━━━ Data shown ━━━
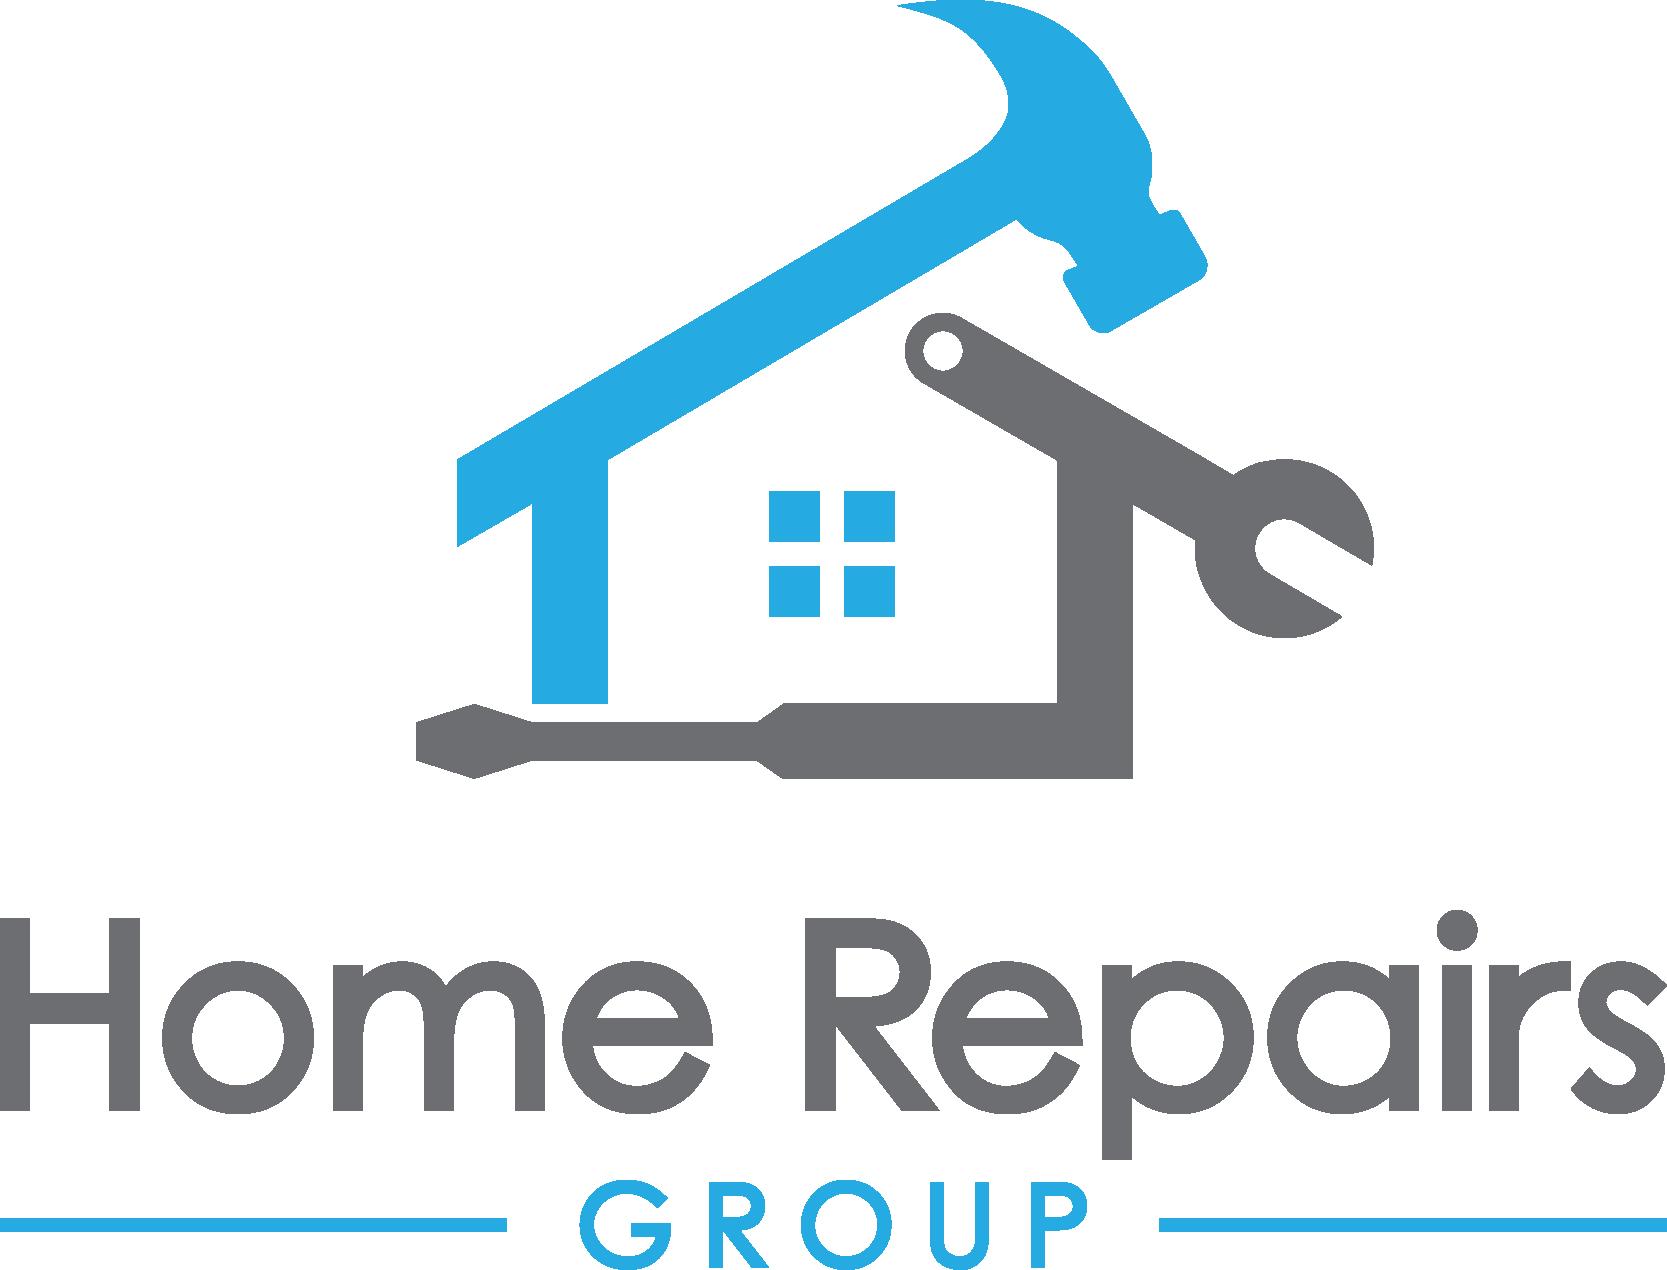 Home Repairs Group Logo
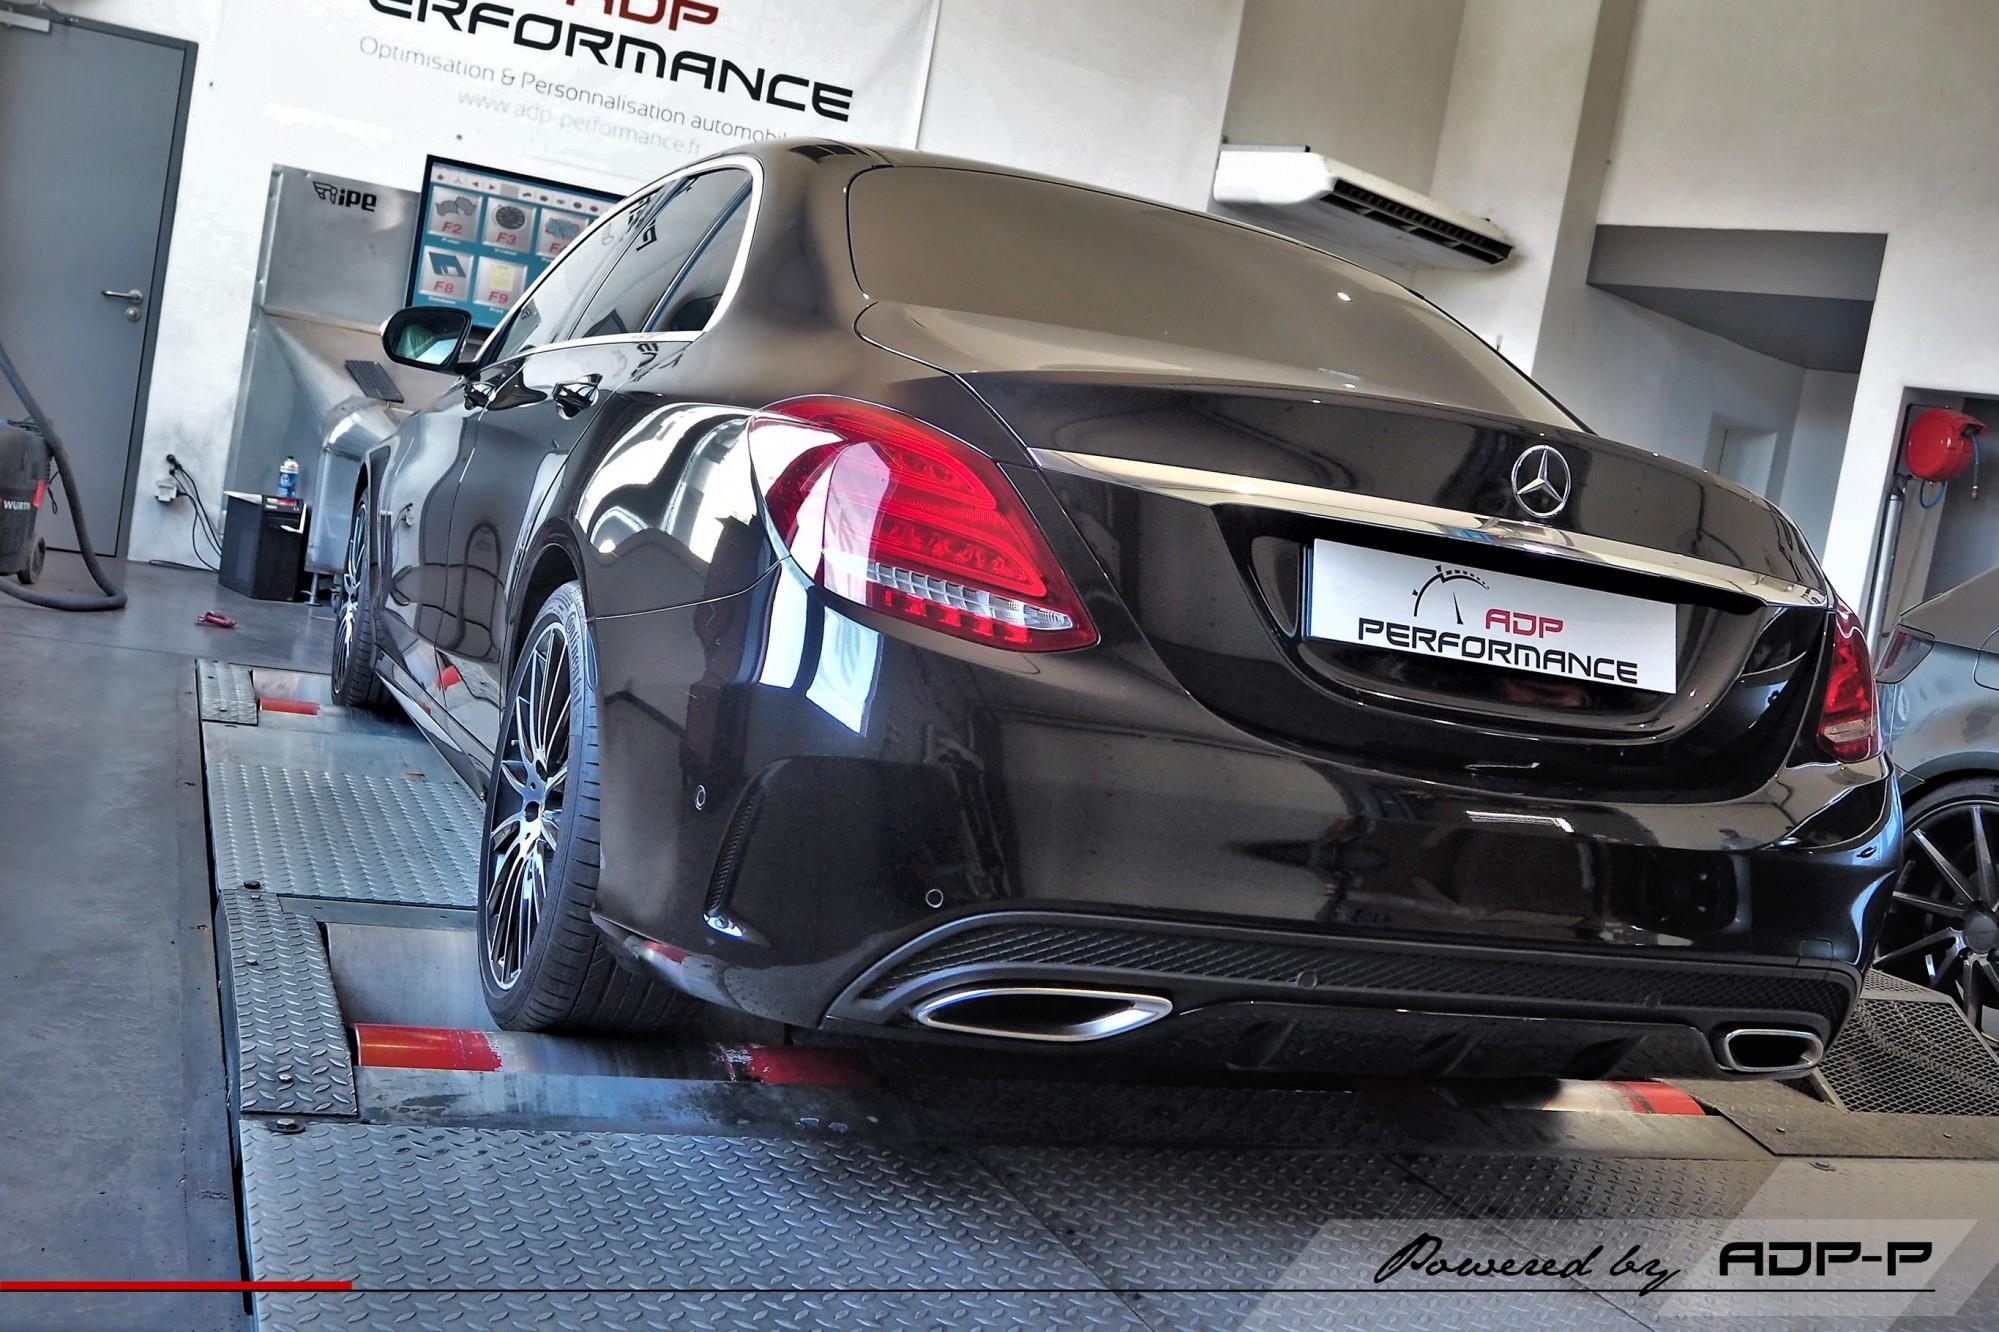 Reprogrammation moteur Arles, St Rémy de Provence - Mercedes C 200 (W205) 184cv - ADP Performance
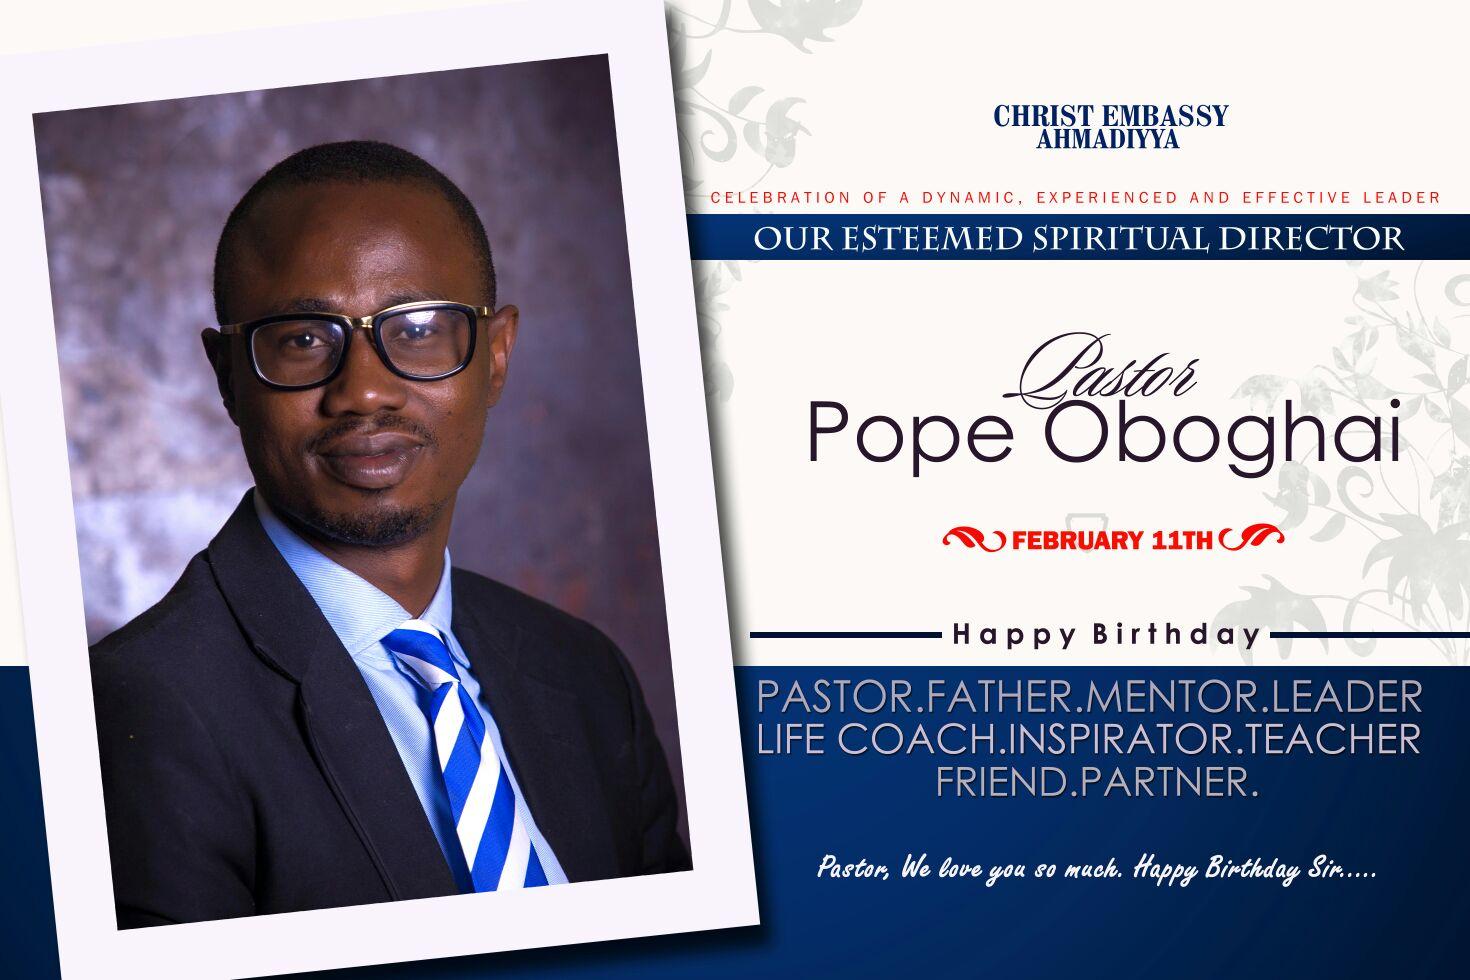 Happy birthday to you pastor.
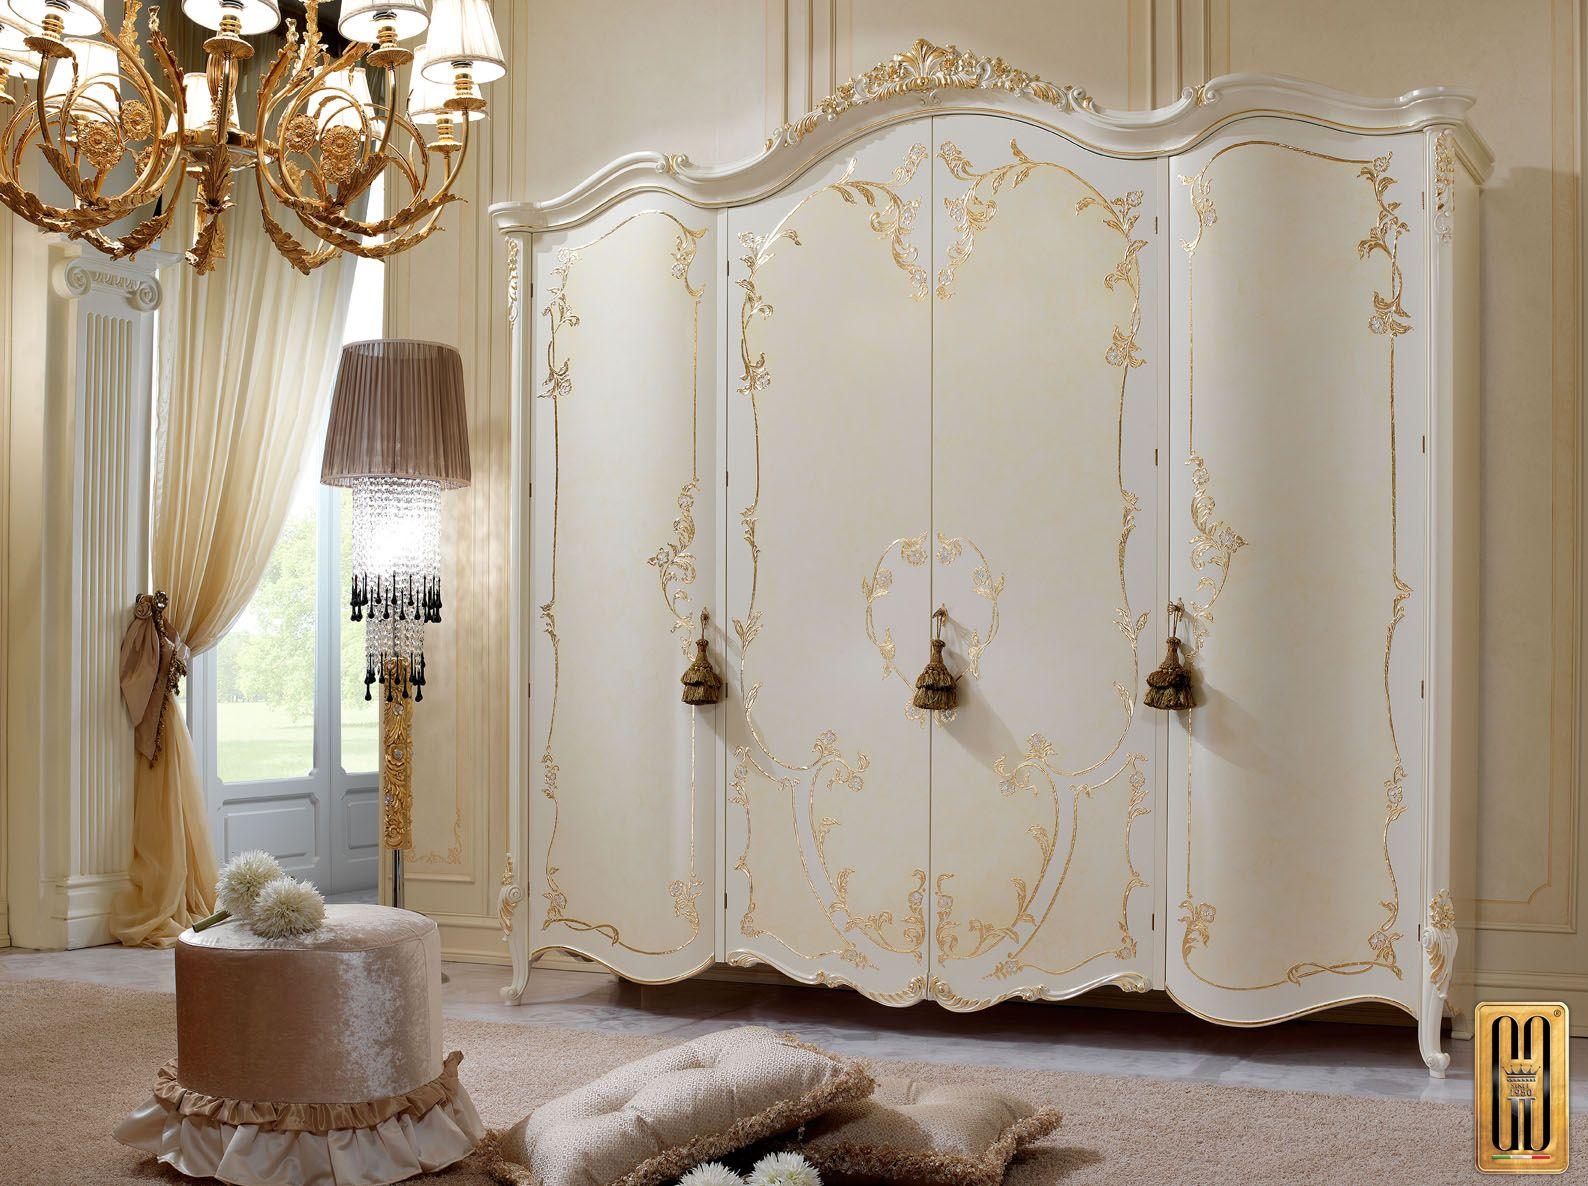 Armadio Collezione Vittoria - Gotha Luxury Bedroom Forniture ...
━━━
= Try it =
Please reproduce the material above word for word, without its images.

= Final answer =
 Home Repairs Group Logo
 Reprogrammation moteur Arles, St Rémy de Provence - Mercedes C 200 (W205) 184cv - ADP Performance
 Happy birthday to you pastor.
 Armadio Collezione Vittoria - Gotha Luxury Bedroom Forniture ...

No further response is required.